*What the task asks*
Once you have located the line containing "Call - 📞214-801-9484" in the material below, return it exactly along with each line after it through the line containing "#granite #marblecountertops #quartzitecountertops".

*Extracted data*
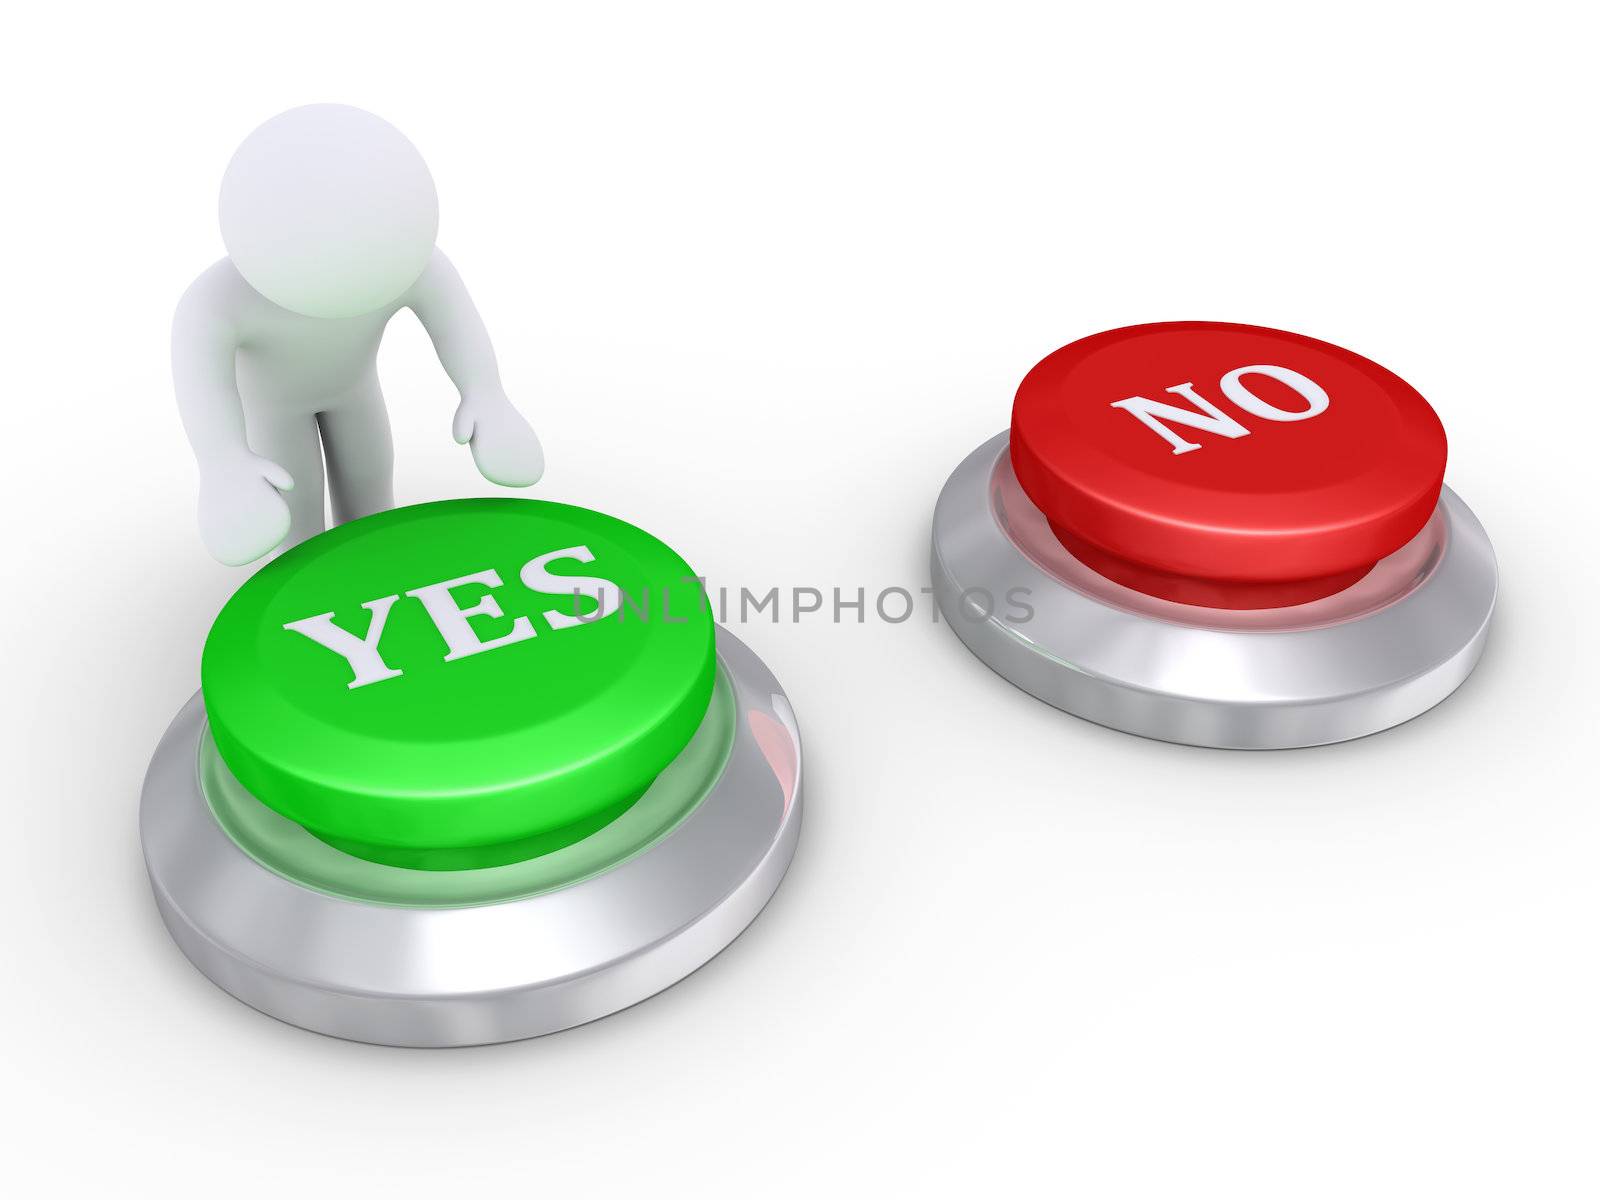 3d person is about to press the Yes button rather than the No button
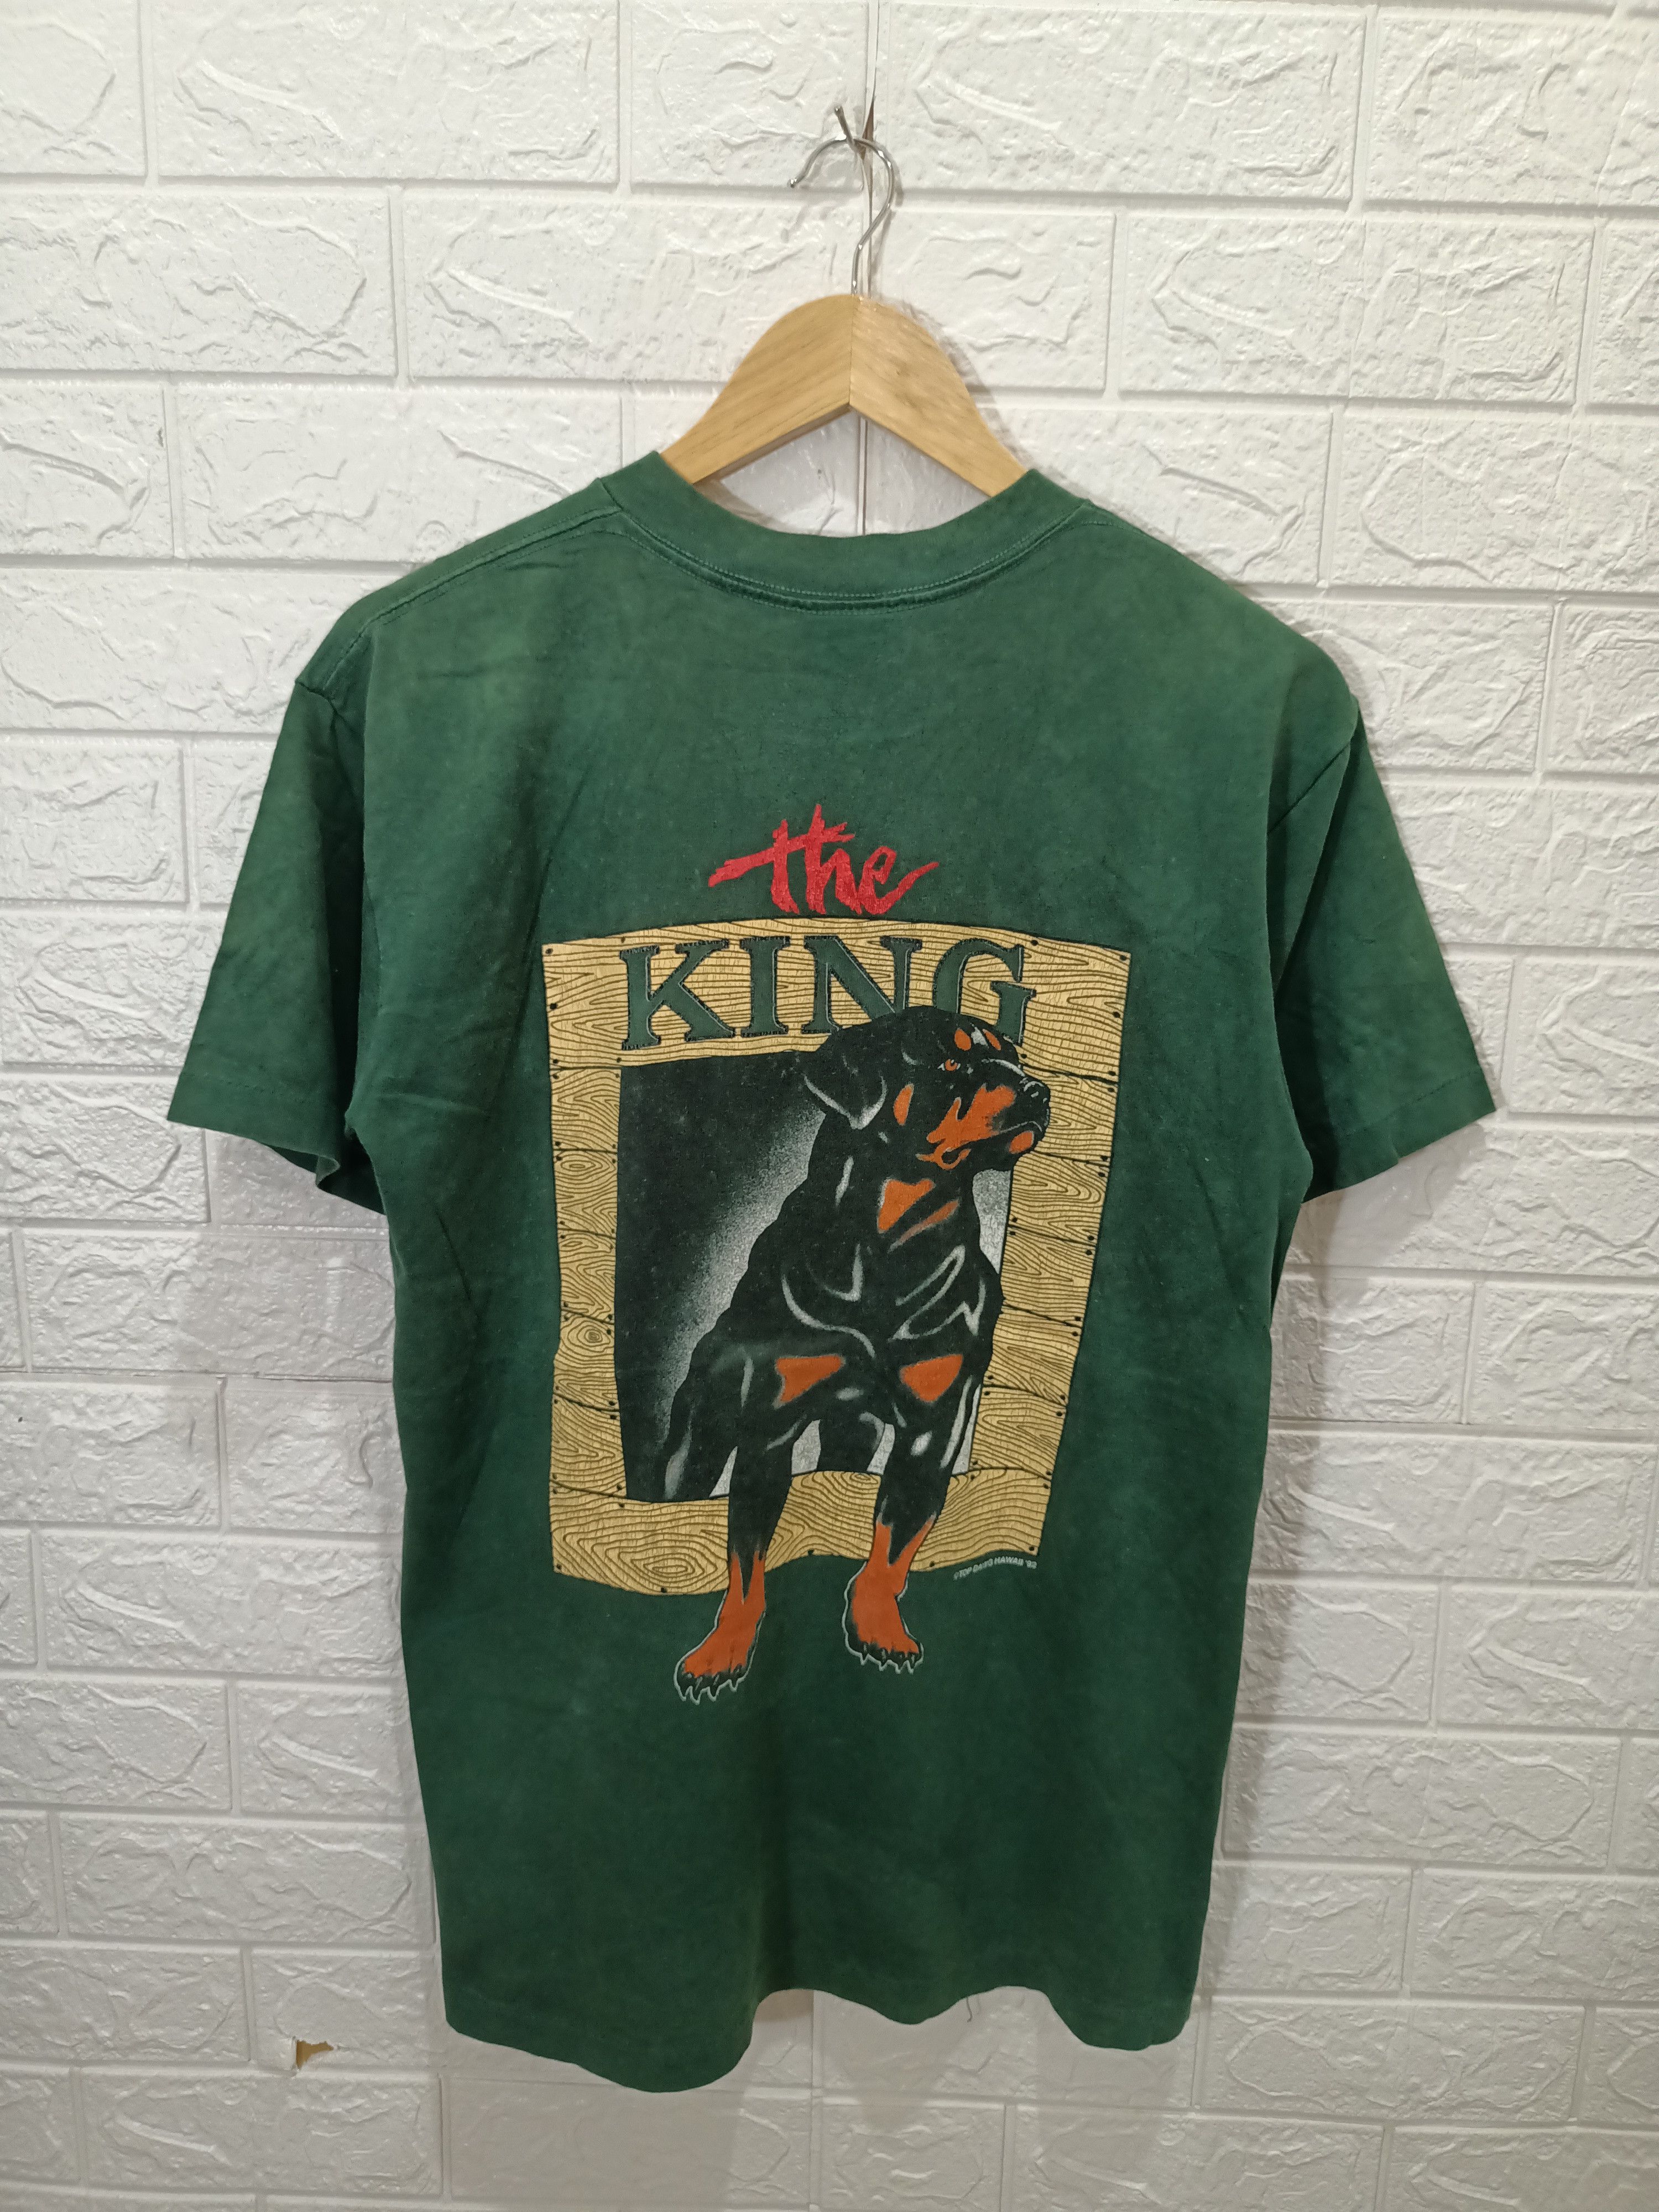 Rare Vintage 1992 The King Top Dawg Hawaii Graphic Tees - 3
--
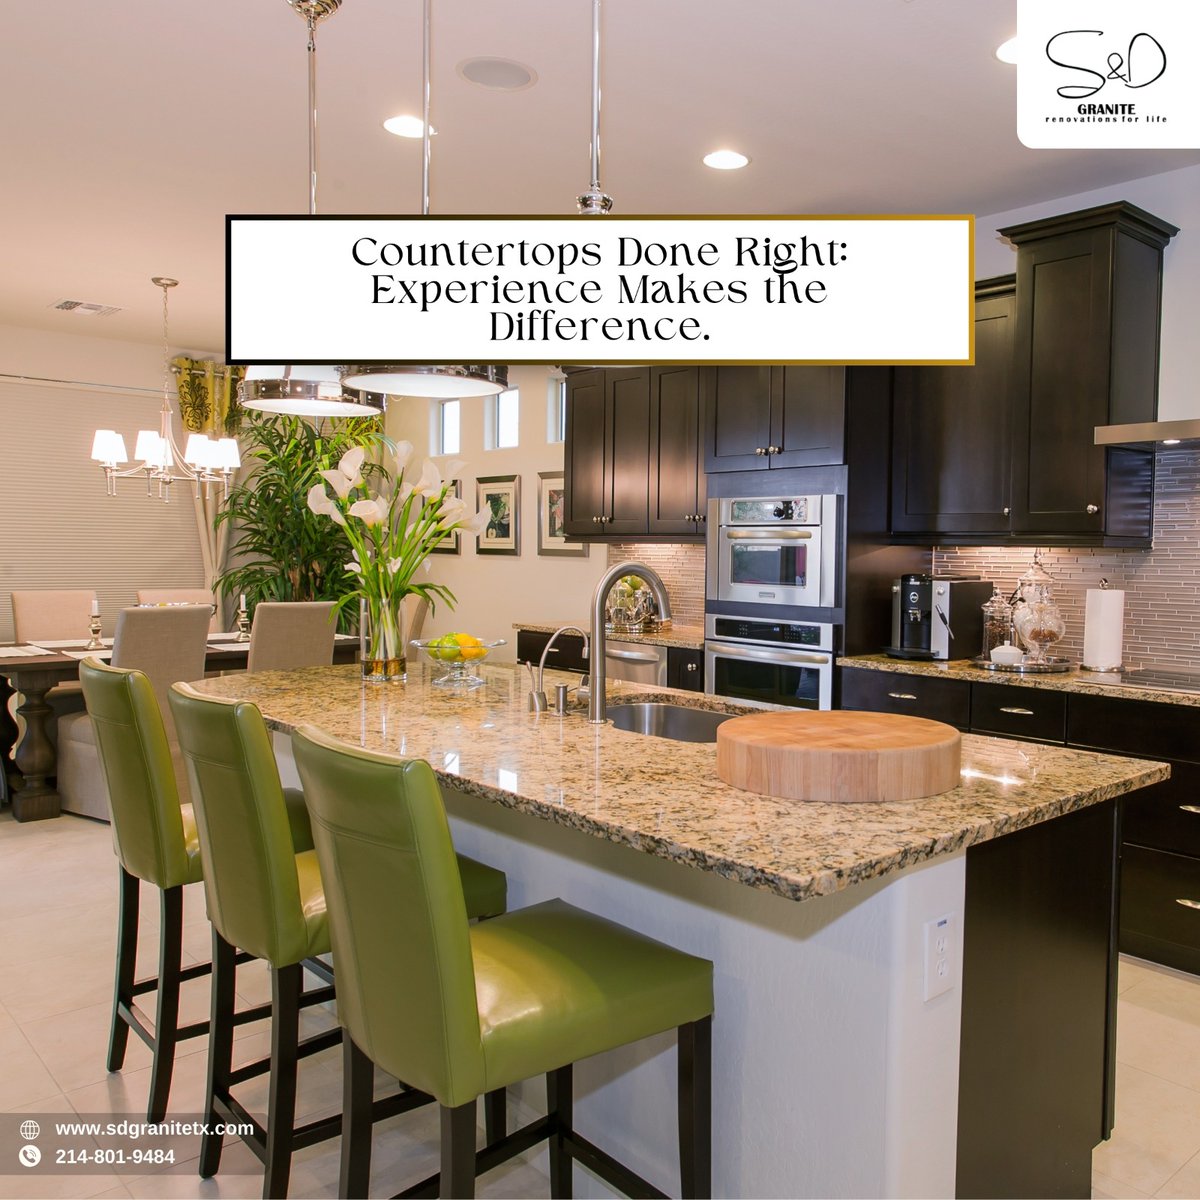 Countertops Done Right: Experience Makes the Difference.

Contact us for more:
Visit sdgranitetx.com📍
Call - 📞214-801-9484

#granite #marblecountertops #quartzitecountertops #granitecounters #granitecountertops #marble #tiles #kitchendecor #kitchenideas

*Response area*
Call - 📞214-801-9484

#granite #marblecountertops #quartzitecountertops #granitecounters #granitecountertops #marble #tiles #kitchendecor #kitchenideas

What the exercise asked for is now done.